With cannabis a burning topic around the world, there are now a lot of pot documentaries. Druglawed is one of the best and everyone involved should be proud. A sequel is already in the pipeline, with Arik set to interview Raphael Mechoulam, the discover of THC and cannabinoid receptors, visit Israel’s legal medical cannabis farms, and then to Uruguay which recently made cannabis legal.
My verdict is that Druglawed is a great film, a worthy project, and I can’t wait for Part Two!
Druglawed (2015), 99 minutes. English with subtitles. Directed by Arik Reiss, produced by Section 18 Media and BT-Tokyo Media.
Watch the trailer at VimeoDruglawed screens at the Documentary Edge festival in Auckland and Wellington.Download a copy here for $4.20. Buy a DVD from druglawed.com or at The Hempstore in Auckland and Whakamana the Cannabis Museum in Dunedin.

6 COMMENTS

  1. The war on drugs was always meant to fail and not be effective and cost many millions of dollars and ruin tons of lives. Privatized jails need prisoners for their profits and Nancy Reagan played her part in creating fear and spreading lies about drug use.

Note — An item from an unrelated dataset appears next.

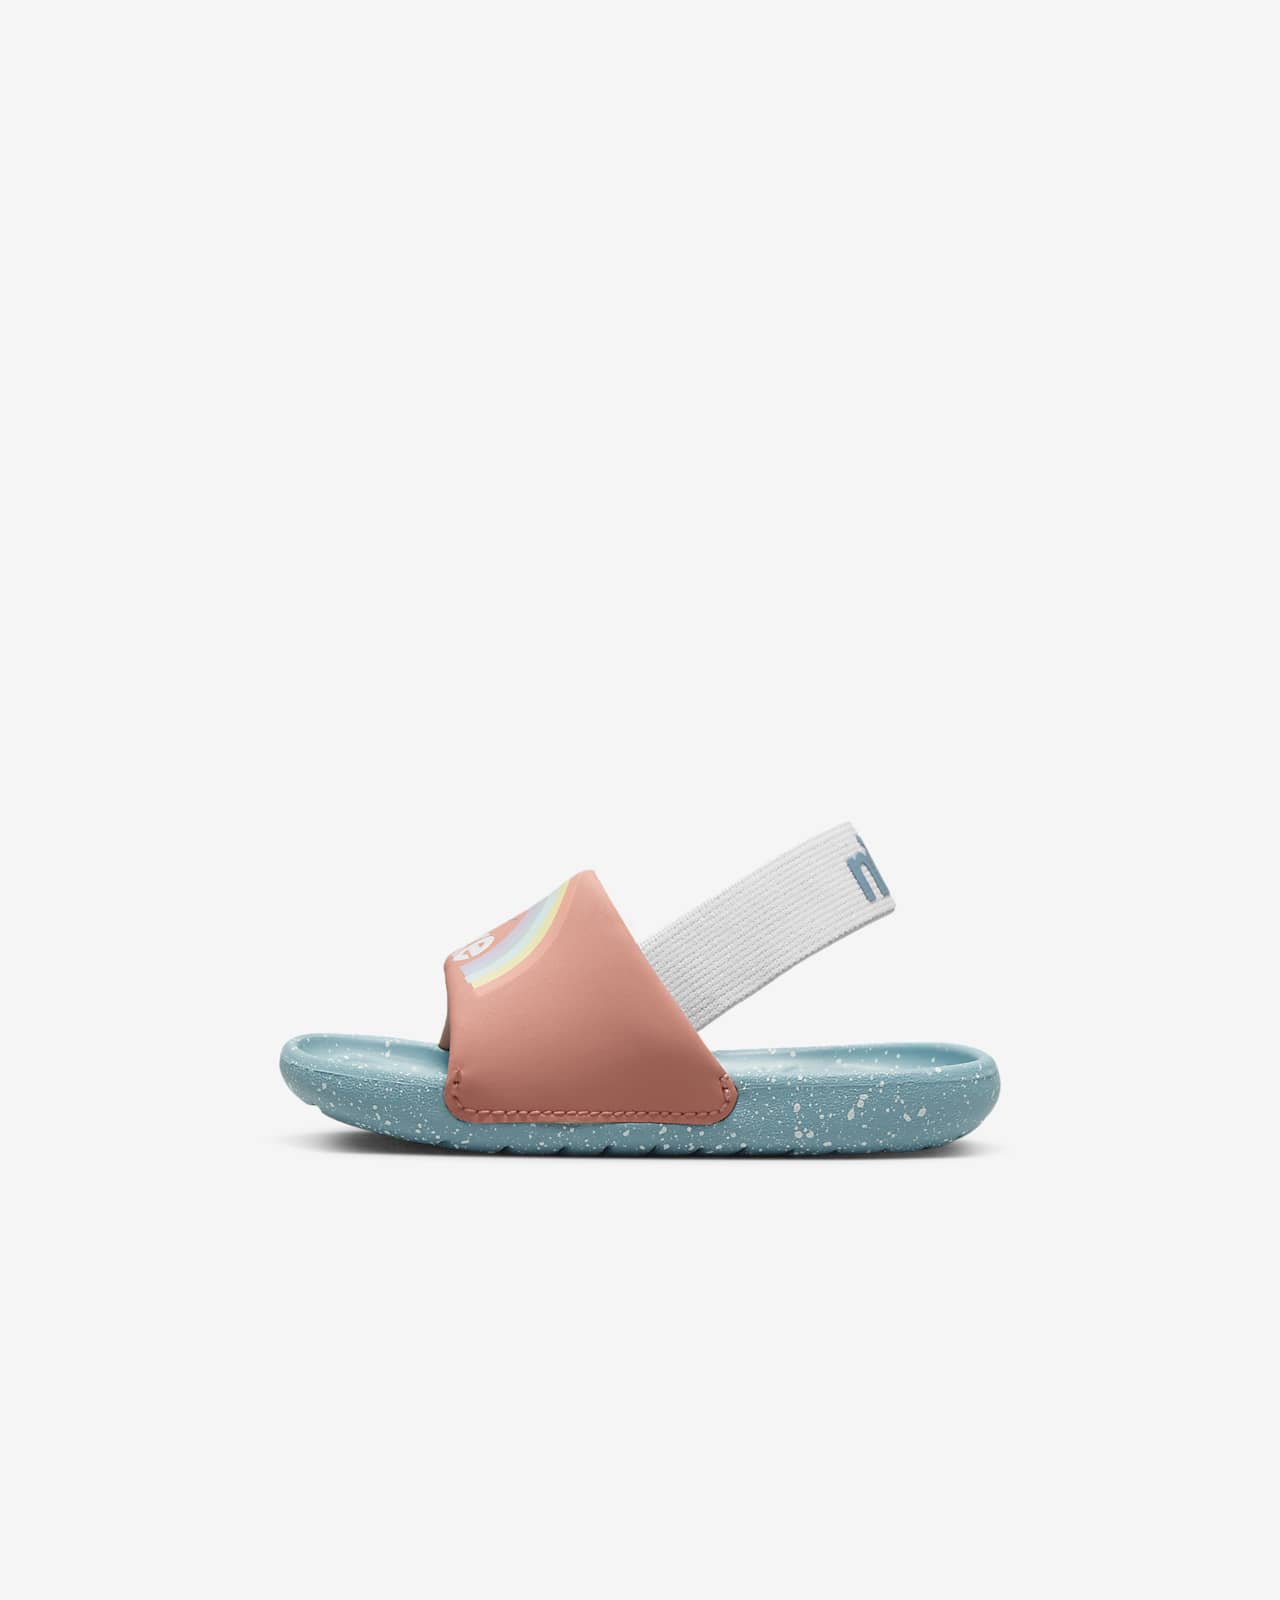 Nike Kawa SE Schuh für Babys und Kleinkinder

    The drug and alcohol lobbies and the pharmaceutical corporations and the cotton industry played their parts in convincing the US govt and as many as they could that marijuana was bad and led to harder drugs which is a lie. The CIA had to cover up their arms and drug smuggling and on and on and on this very ugly story goes that many have paid heavily for.

    They were and still are afraid of the INDUSTRIAL HEMP INDUSTRY and its power to bring about economic health and jobs and produce hundreds of super high quality products.

    http://cannabiology.org/

    http://hempethics.weebly.com/industrial-hemp-vs-cannabis.html

  2. I downloaded last night and highly recommend viewing this doco if you’re at all interested in the subject. It explains the absurdity of the war on drugs without coming across as another “pro stoner” youtube rant and Its the type of film you can watch with your mum and she’ll get it. As usual, the most heartbreaking moment is when they talk to people using herb for medical reasons.